__Aim of the exercise__.
In the entries below, the lines from the one with "Klinker Marmorea2 Jolie Grey 30×60 cm Blank" through the one with "Arabic Style Living Room Stock Photo Alamy" are to be copied exactly; both ends count.

__Exercise data__.
* * *
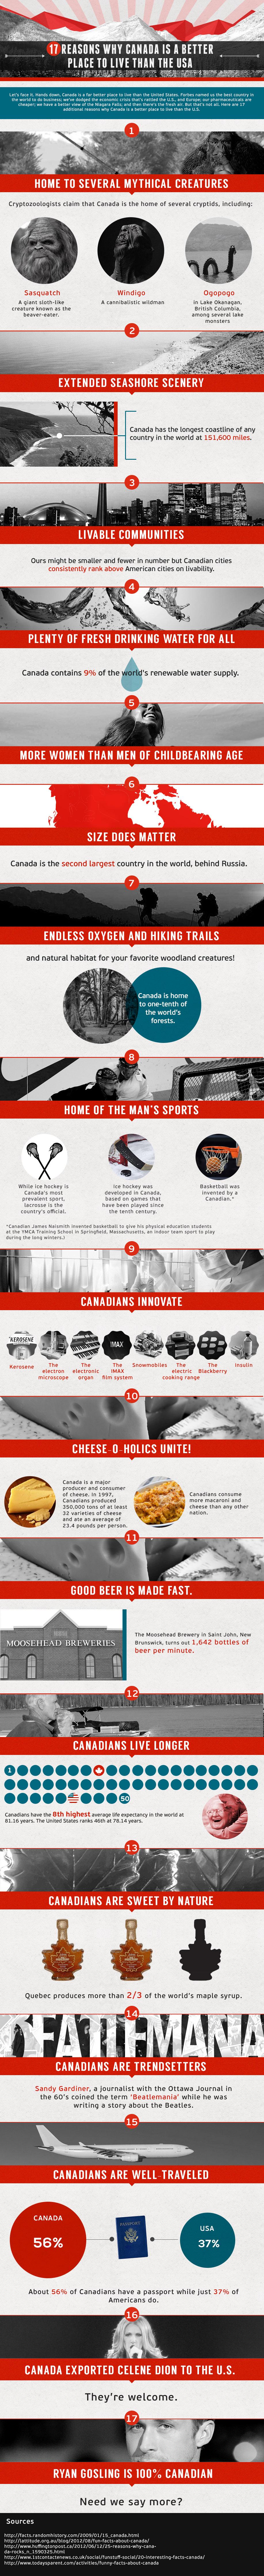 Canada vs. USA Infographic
* * *
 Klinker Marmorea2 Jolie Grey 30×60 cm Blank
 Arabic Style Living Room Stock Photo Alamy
* * *
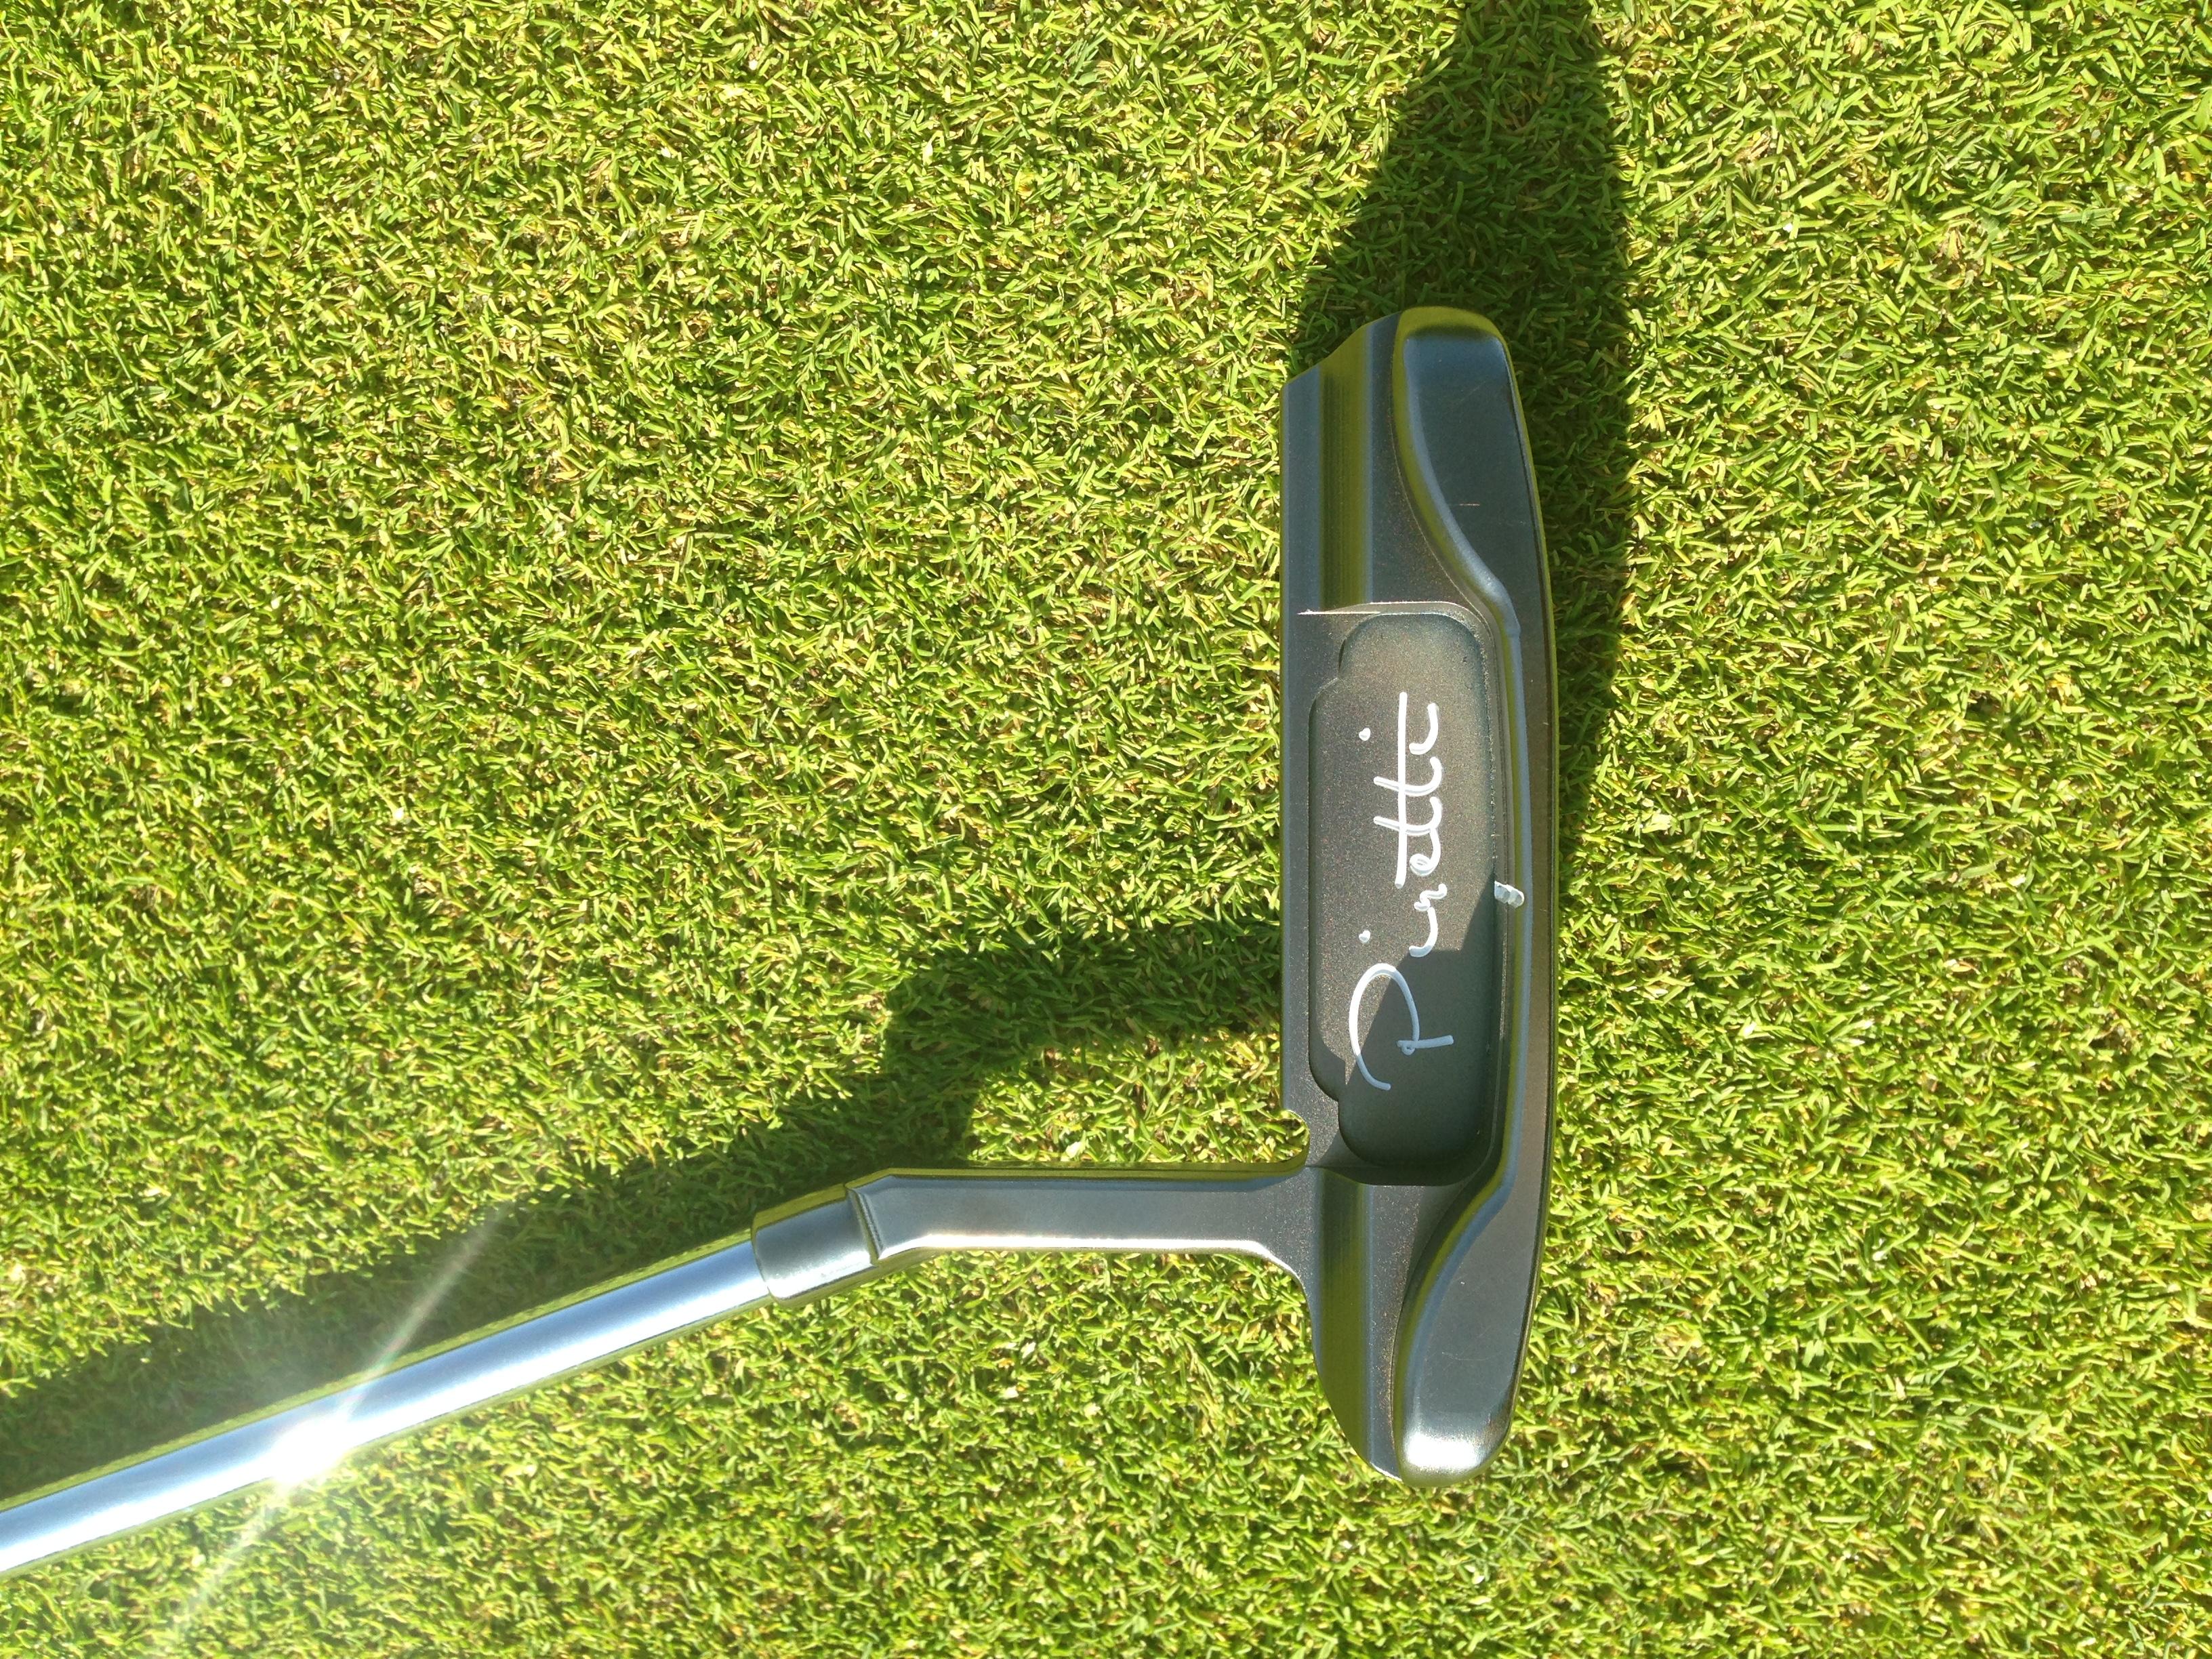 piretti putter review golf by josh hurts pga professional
* * *
__Answer to this exercise__.
 Klinker Marmorea2 Jolie Grey 30×60 cm Blank
 Arabic Style Living Room Stock Photo Alamy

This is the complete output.